ECLI:NL:GHARL:2019:981
Gerechtshof Arnhem-Leeuwarden
- Hoger beroep
- J. van Schuijlenburg
- M. Arends
- Rechtspraak.nl
Hinderlijk parkeren en sanctie op grond van artikel 5 Wegenverkeerswet 1994
In deze zaak gaat het om een hoger beroep tegen de beslissing van de kantonrechter van de rechtbank Amsterdam, die op 19 juni 2018 het beroep van de betrokkene ongegrond verklaarde. De betrokkene had een administratieve sanctie van € 140,- opgelegd gekregen voor het hinderlijk parkeren van zijn voertuig, dat op 3 december 2016 om 13:55 uur op de Gerard Doustraat te Amsterdam stond geparkeerd. De gemachtigde van de betrokkene stelde dat de verbalisant niet de juiste feitcode had gehanteerd en dat de sanctie op grond van artikel 5 van de Wegenverkeerswet 1994 (WVW 1994) niet terecht was opgelegd, omdat de specifieke feitcodes voor het blokkeren van een uitrit en het niet gebruiken van de rijbaan ook van toepassing waren.
Tijdens de zitting op 21 januari 2019 werd de zaak behandeld.

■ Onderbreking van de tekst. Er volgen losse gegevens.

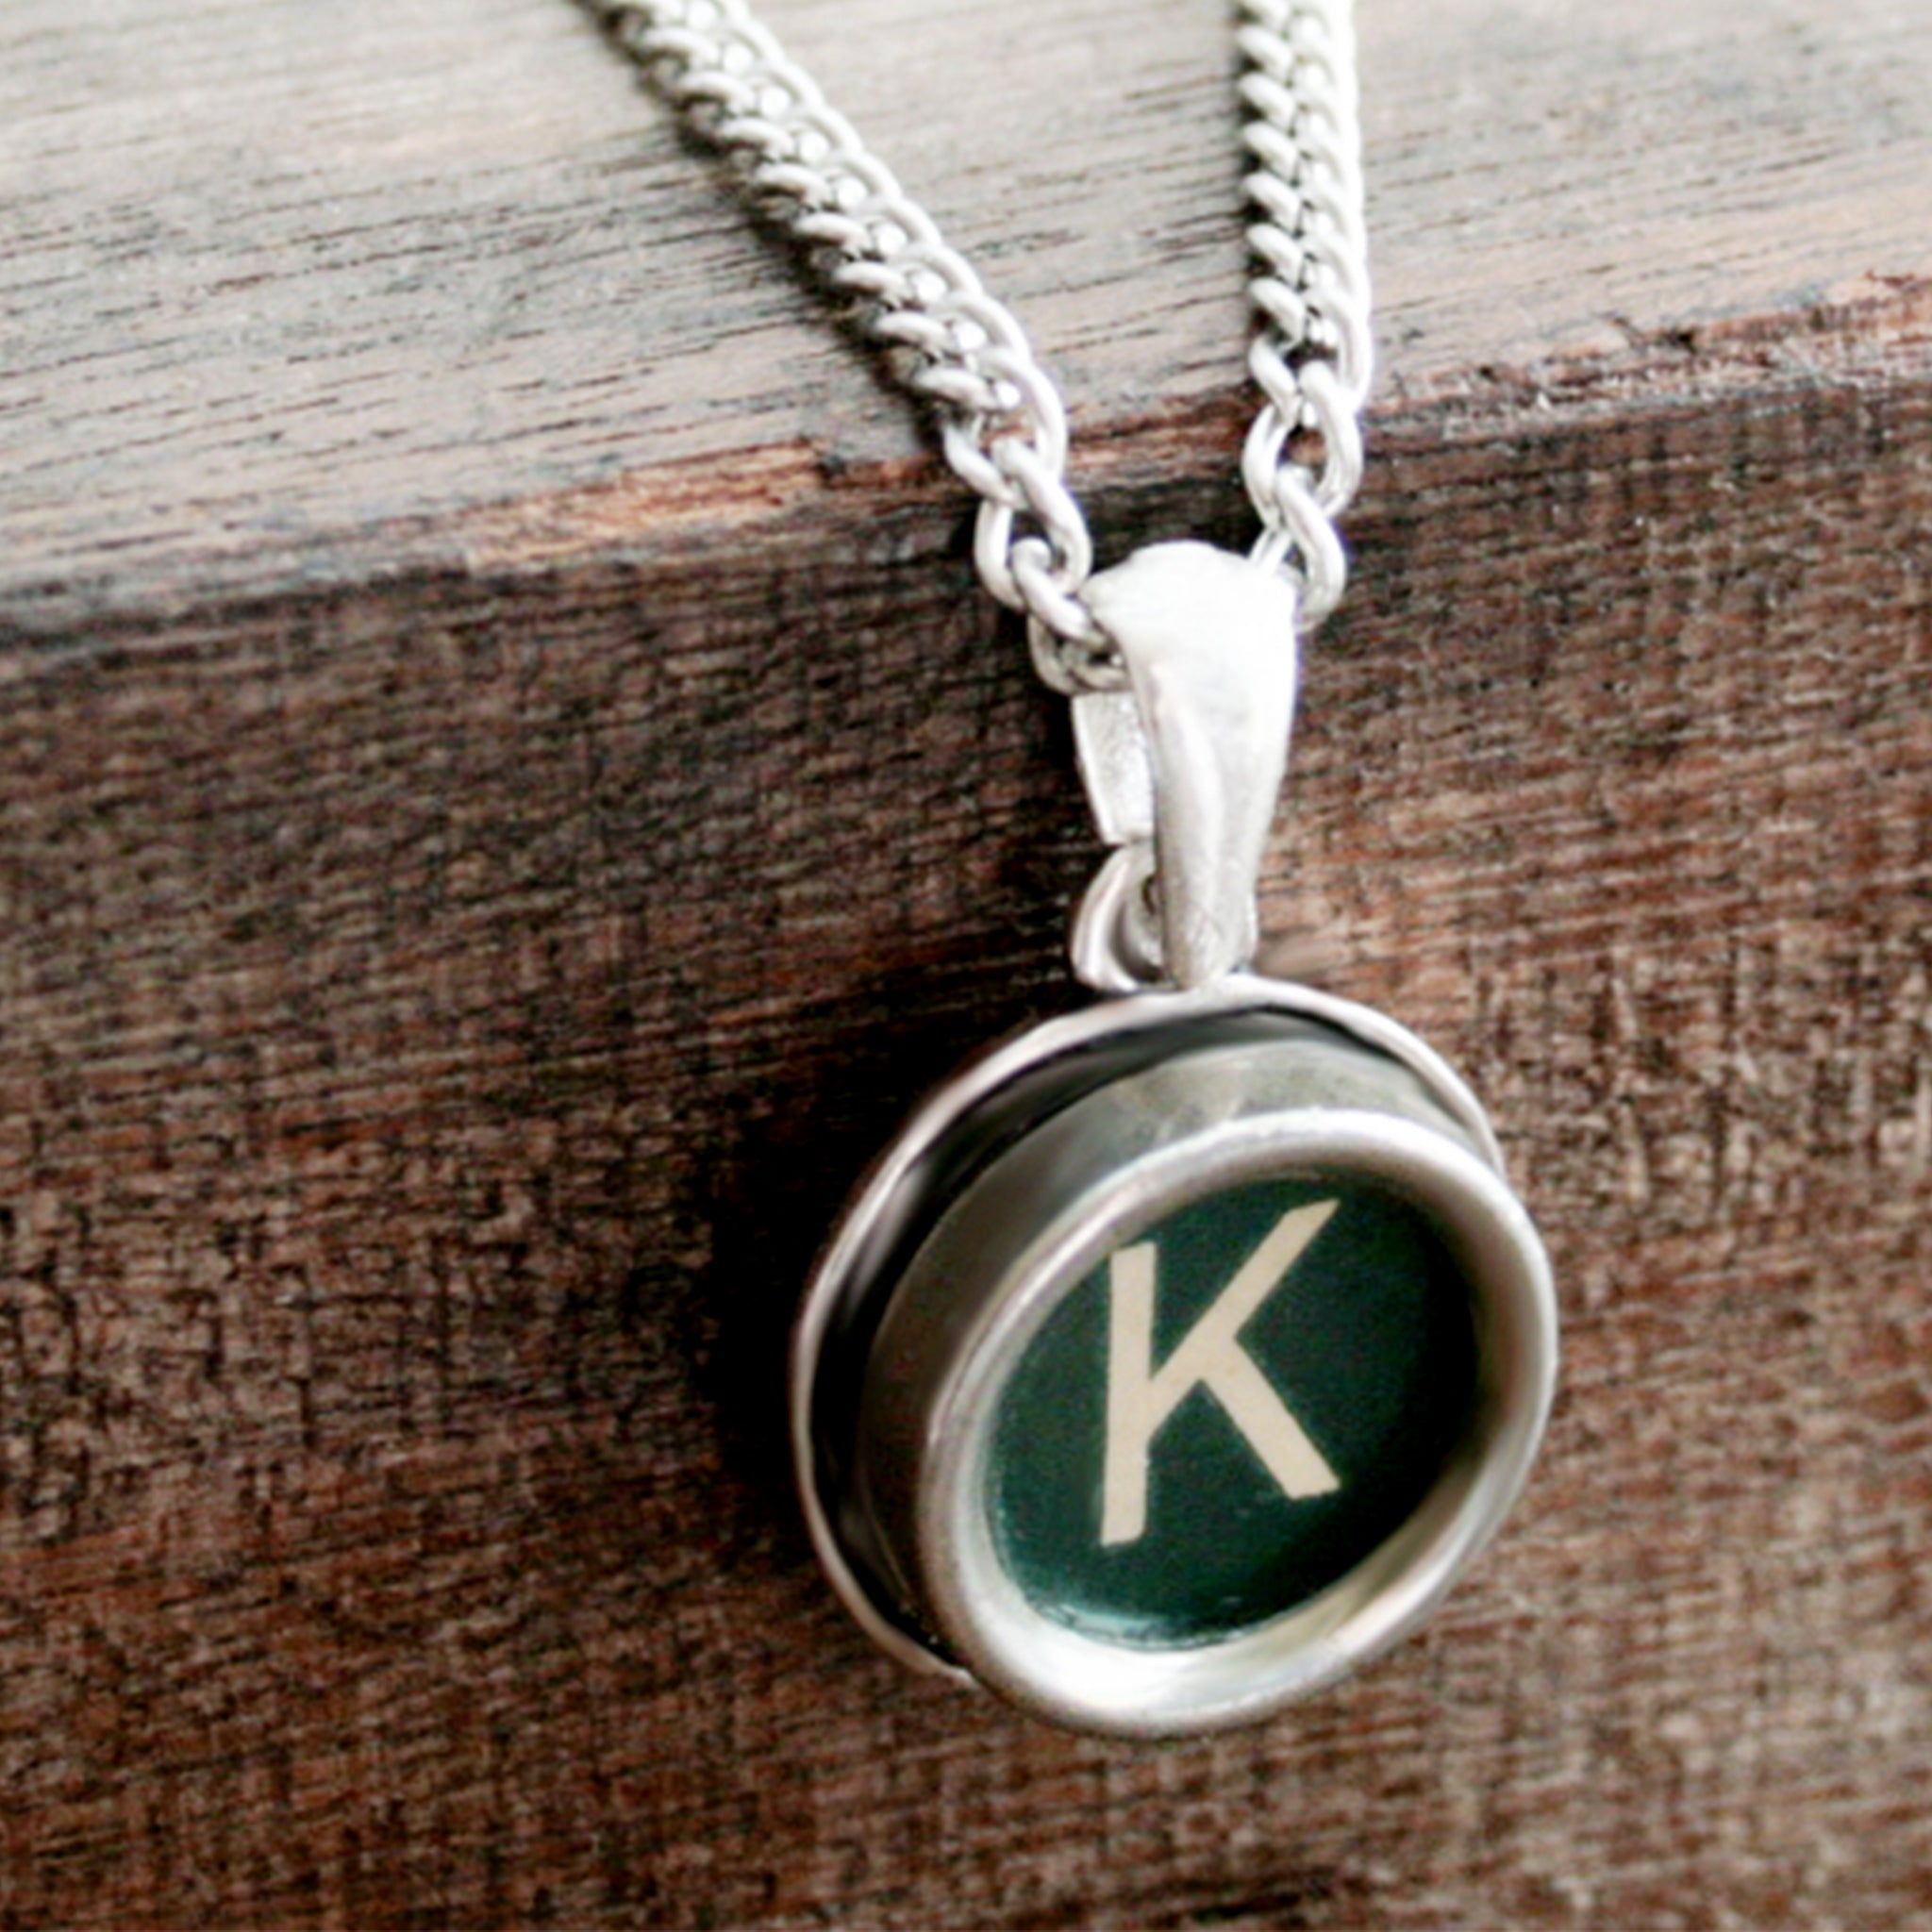 Green K letter necklace made of real typewriter key

De gemachtigde van de betrokkene was aanwezig, terwijl de advocaat-generaal vertegenwoordigd werd door mr. [D]. Het hof oordeelde dat de verbalisant in deze situatie wel degelijk de sanctie op grond van artikel 5 WVW 1994 kon opleggen, aangezien niet alle geconstateerde hinder verdisconteerd kon worden in één specifieke gedraging. Het hof bevestigde de beslissing van de kantonrechter en wees het verzoek tot vergoeding van kosten af.
De uitspraak benadrukt dat de verbalisant de vrijheid heeft om sancties op te leggen voor meerdere overtredingen wanneer deze zich tegelijkertijd voordoen, en dat de belangen van de betrokkene niet geschaad zijn door de keuze van de verbalisant om een sanctie op te leggen voor de algemenere bepaling van artikel 5 WVW 1994.